- _THE DATA_
===============
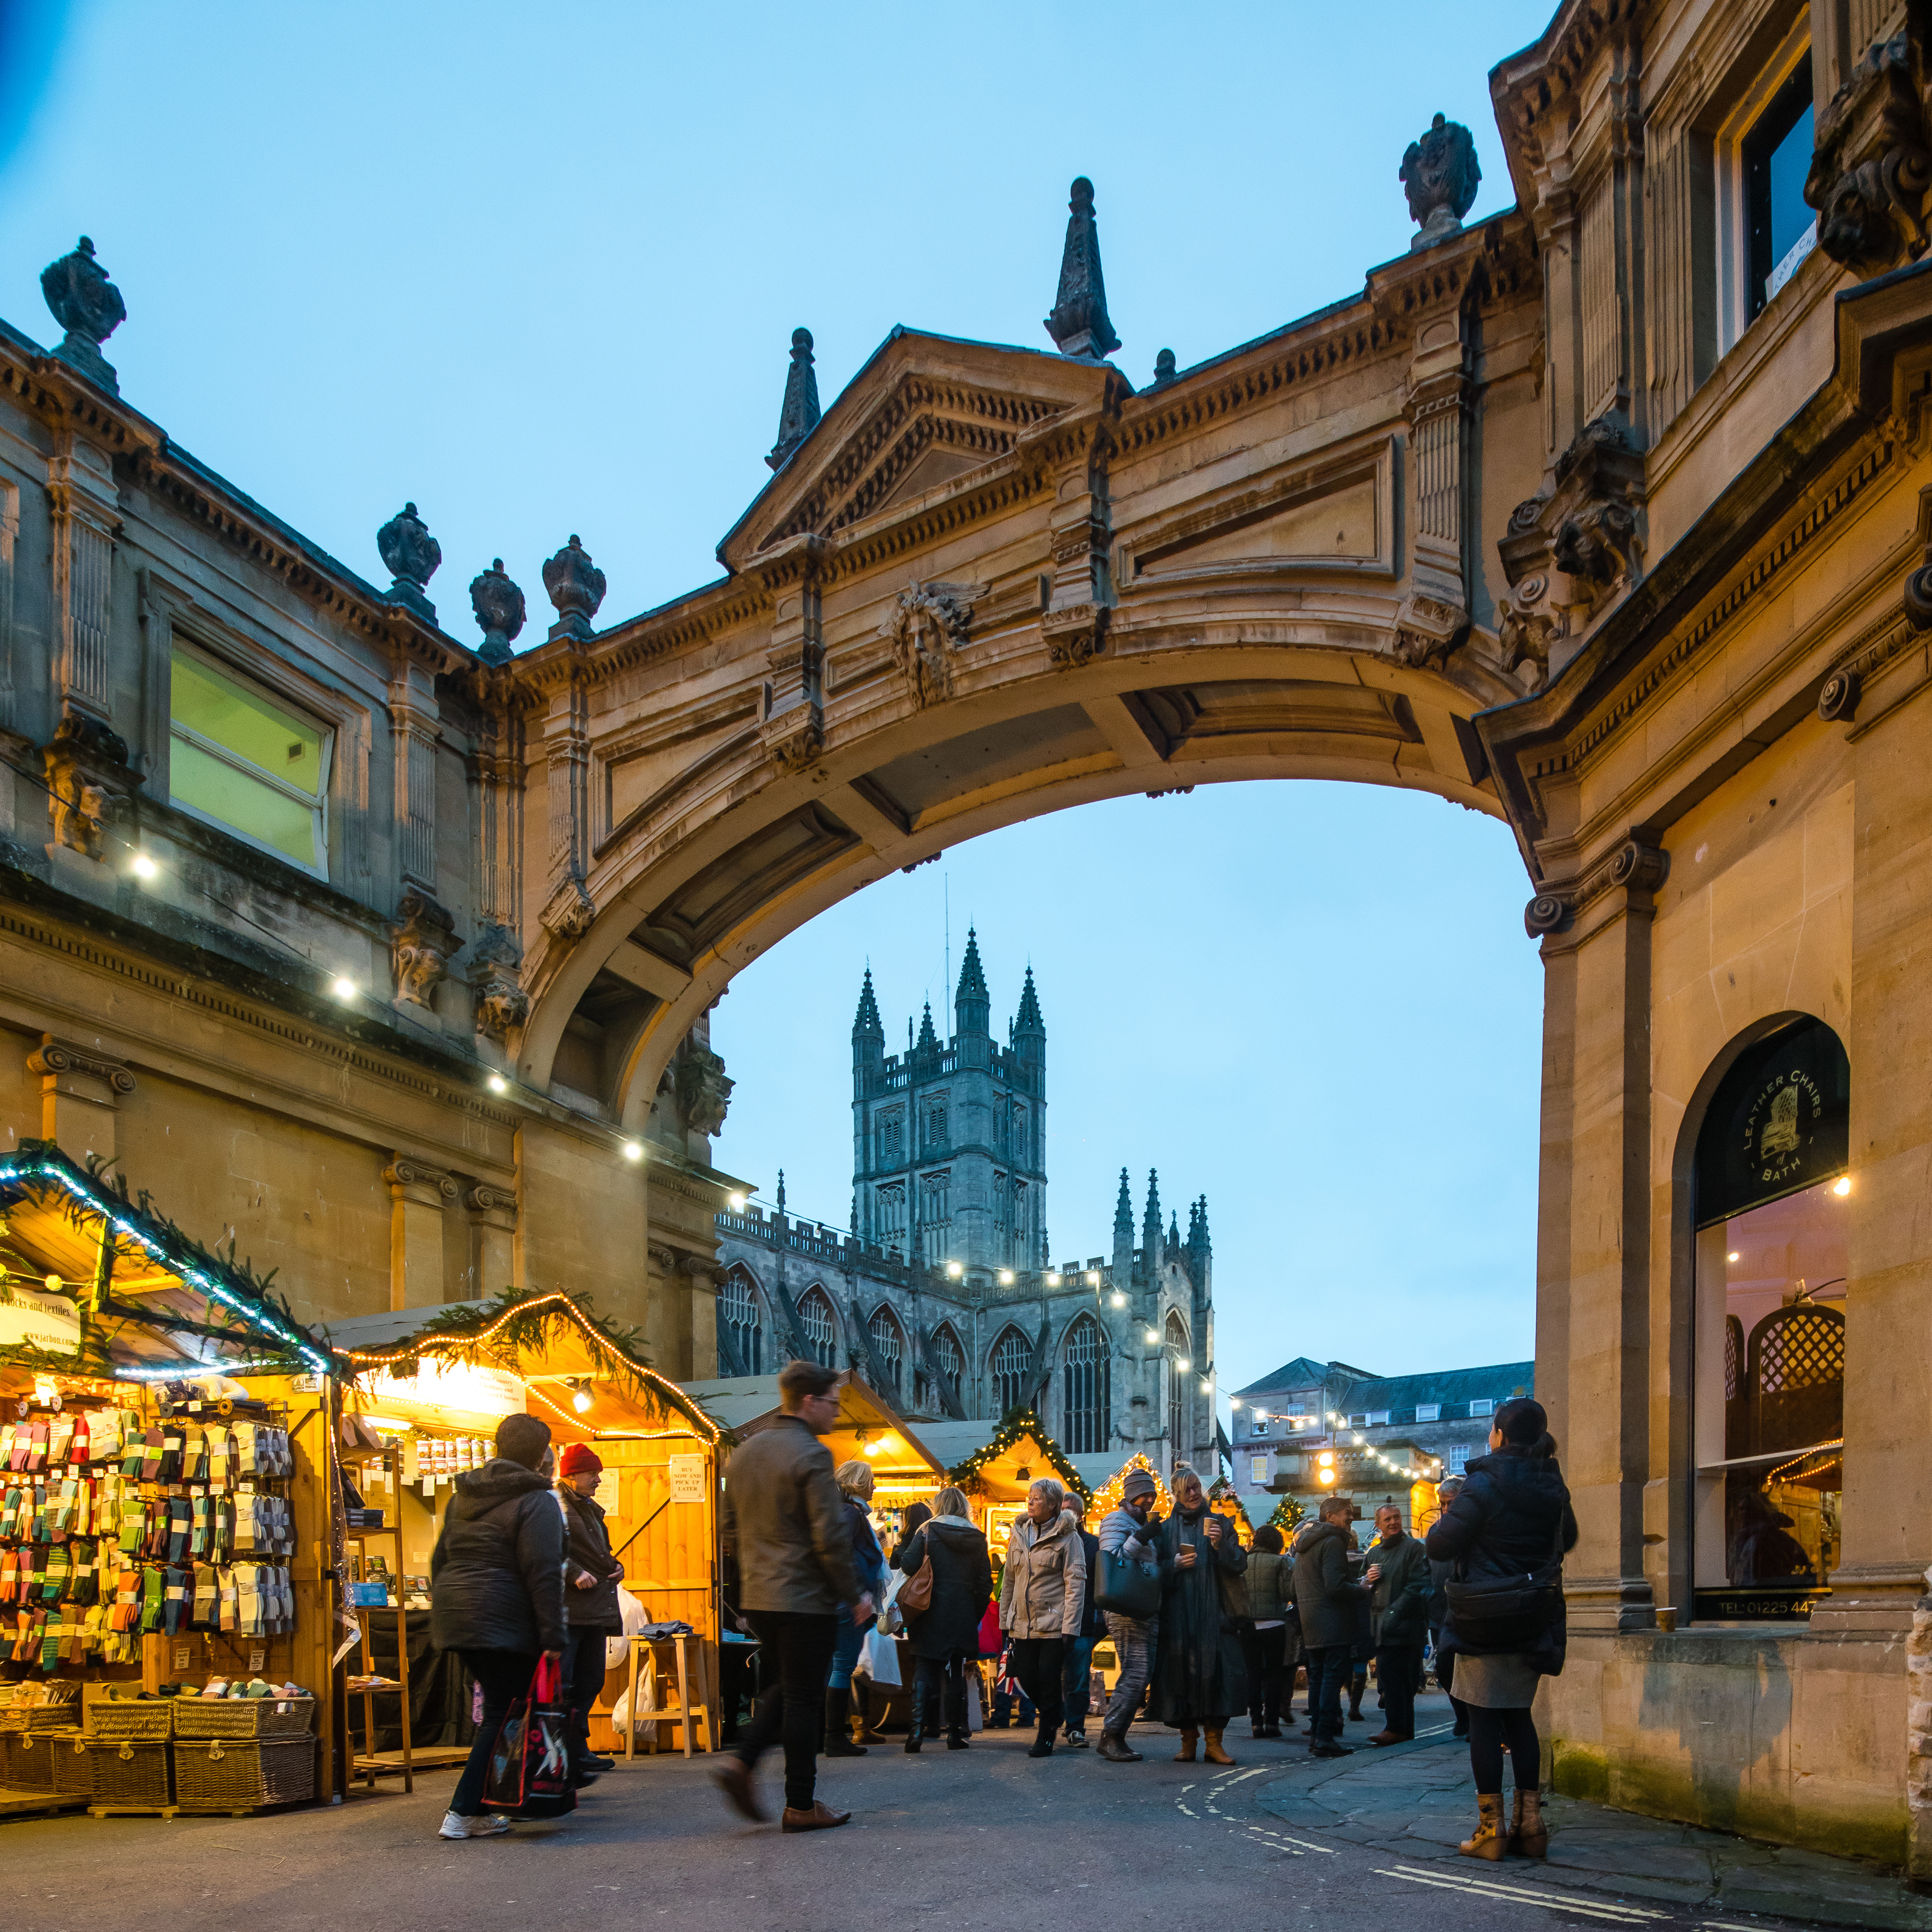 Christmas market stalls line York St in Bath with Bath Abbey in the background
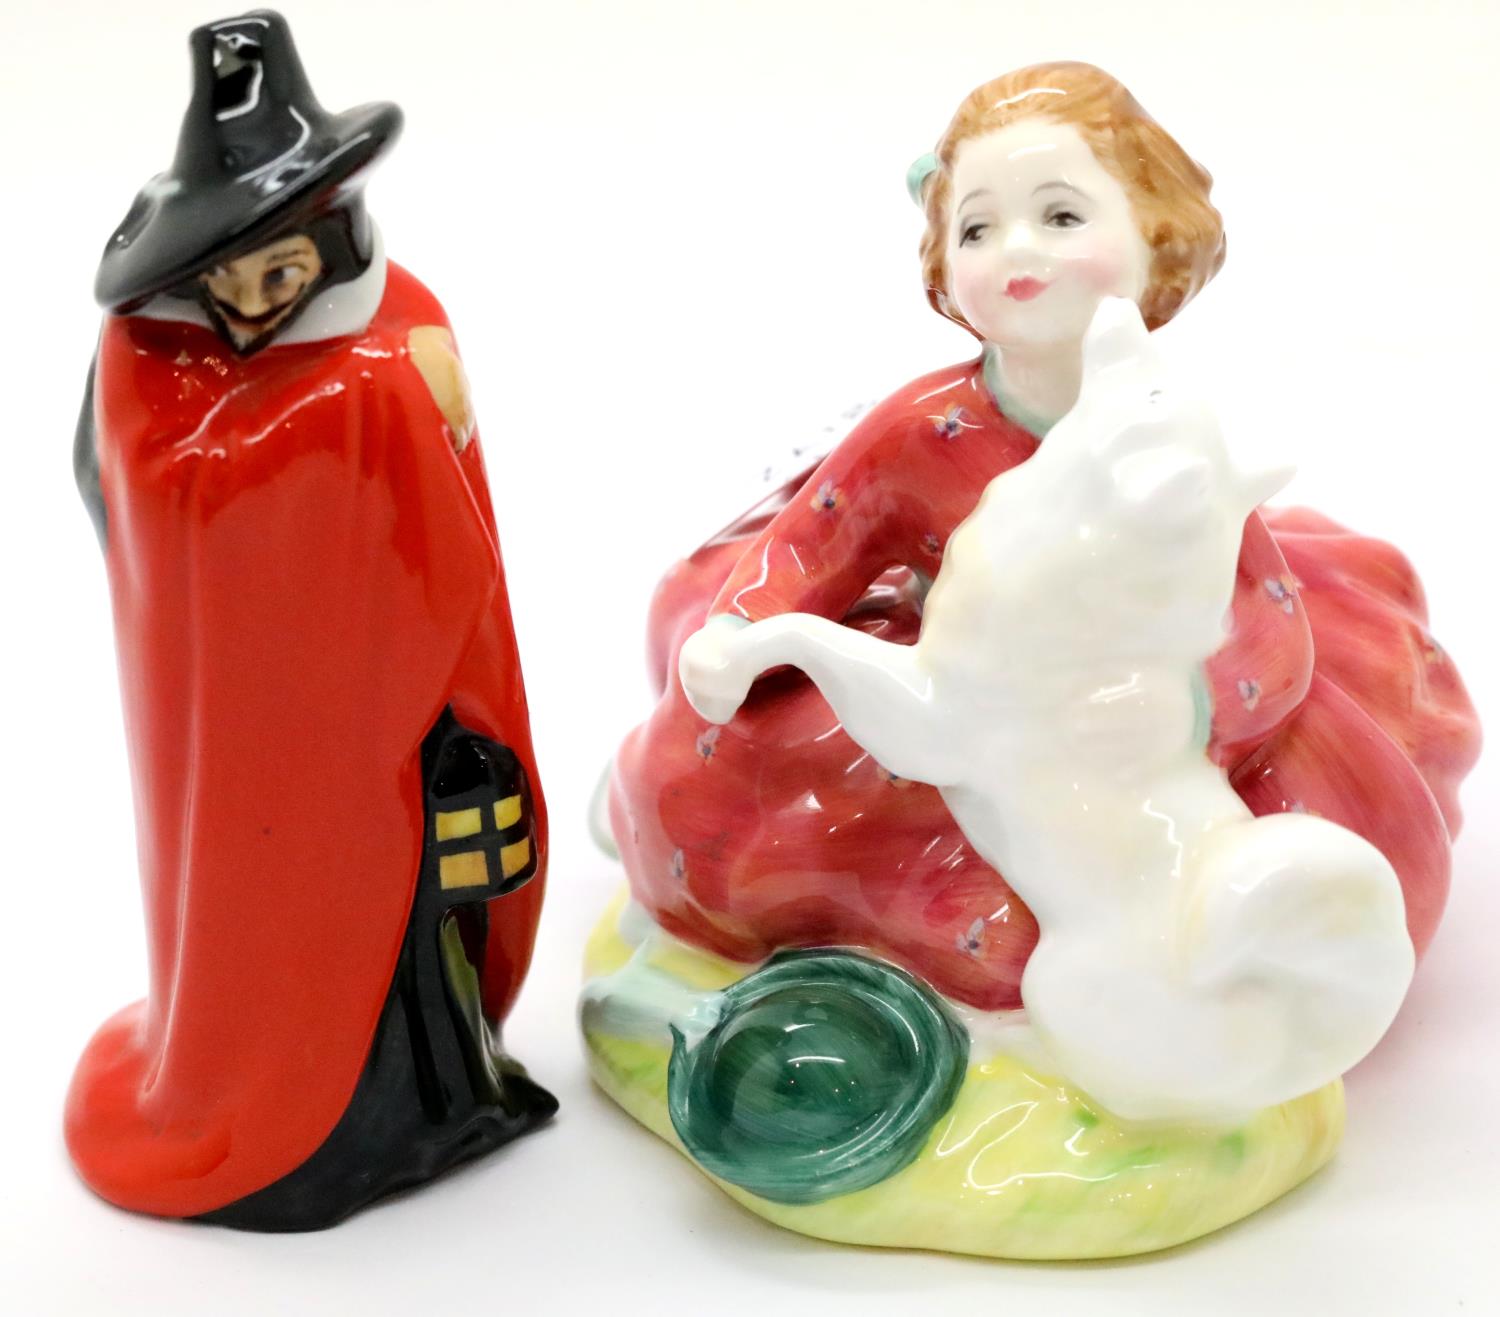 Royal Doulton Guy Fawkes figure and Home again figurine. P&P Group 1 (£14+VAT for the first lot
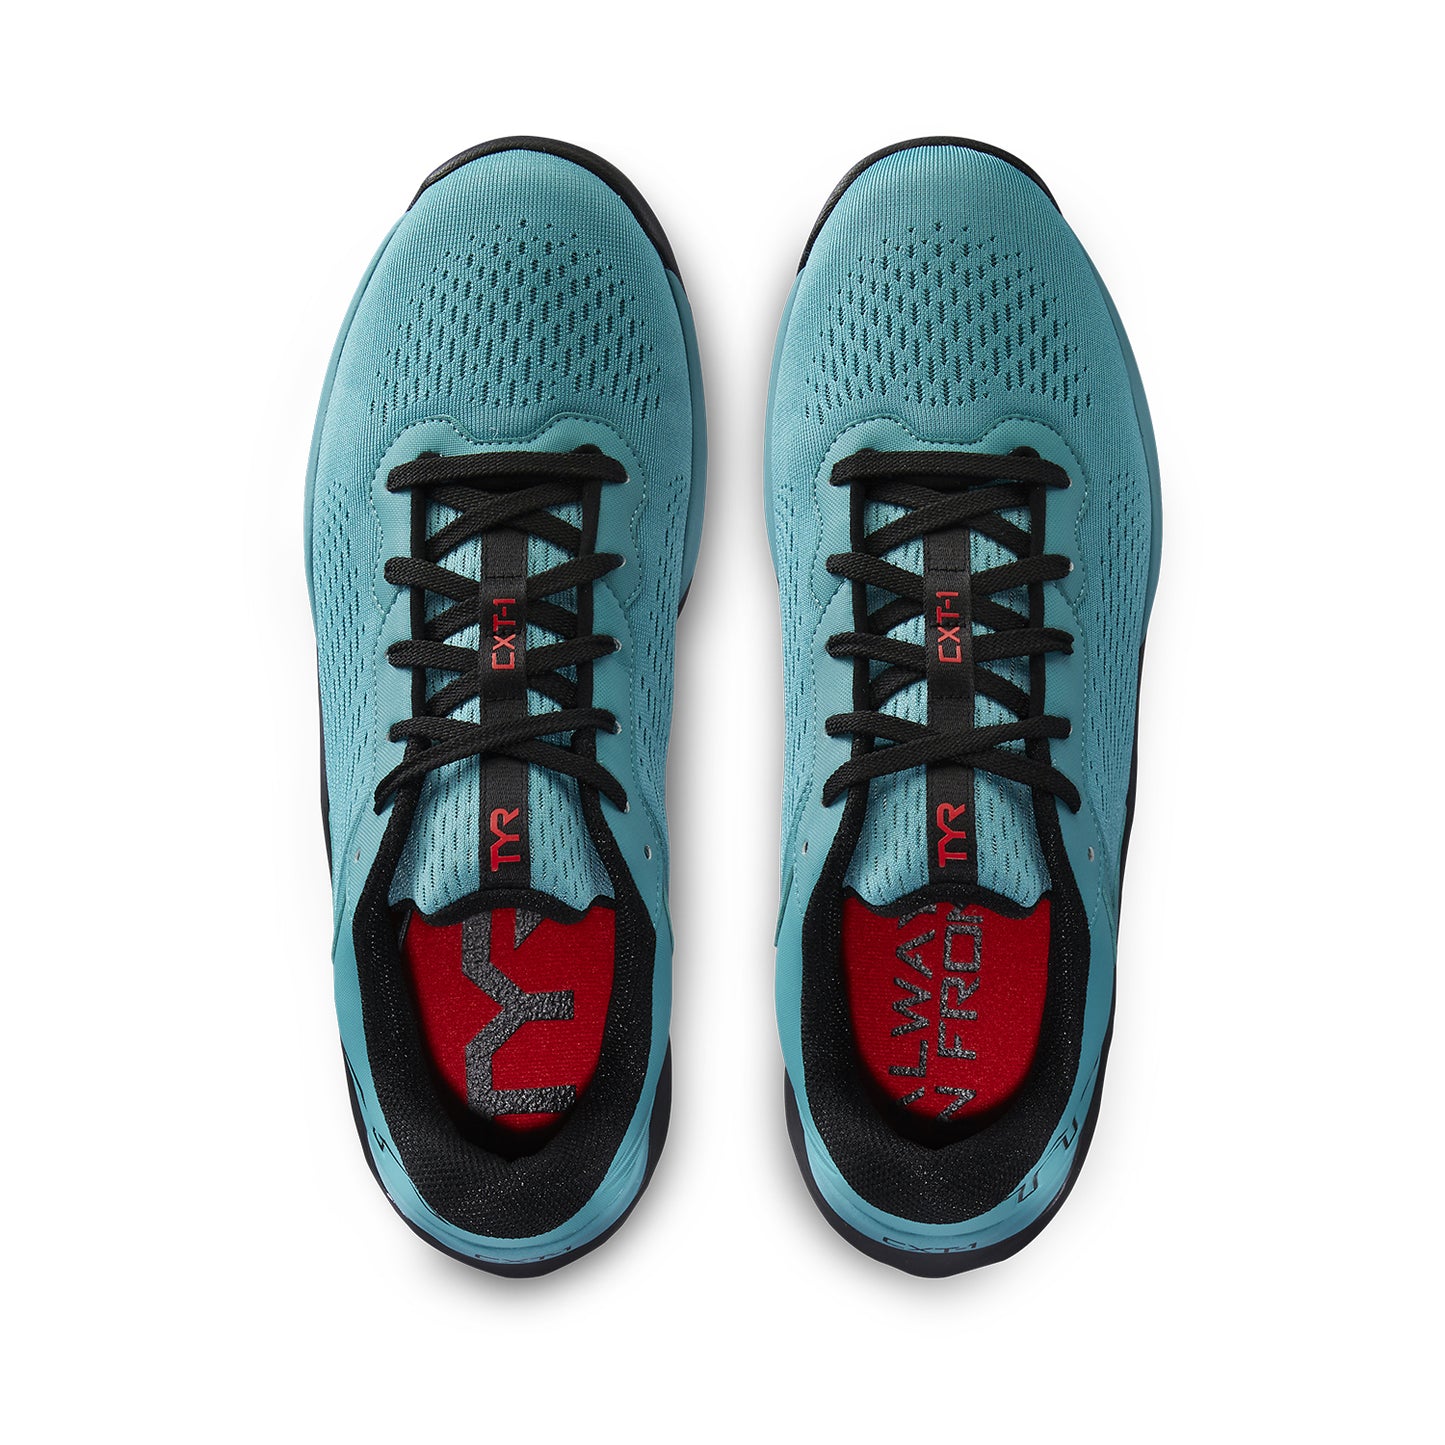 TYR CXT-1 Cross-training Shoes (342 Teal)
===============
- _TASK BRIEF_
Could the data be reproduced exactly, with the pictures omitted?

- _EXERCISE RESULT_
 Christmas market stalls line York St in Bath with Bath Abbey in the background
 Royal Doulton Guy Fawkes figure and Home again figurine. P&P Group 1 (£14+VAT for the first lot
 TYR CXT-1 Cross-training Shoes (342 Teal)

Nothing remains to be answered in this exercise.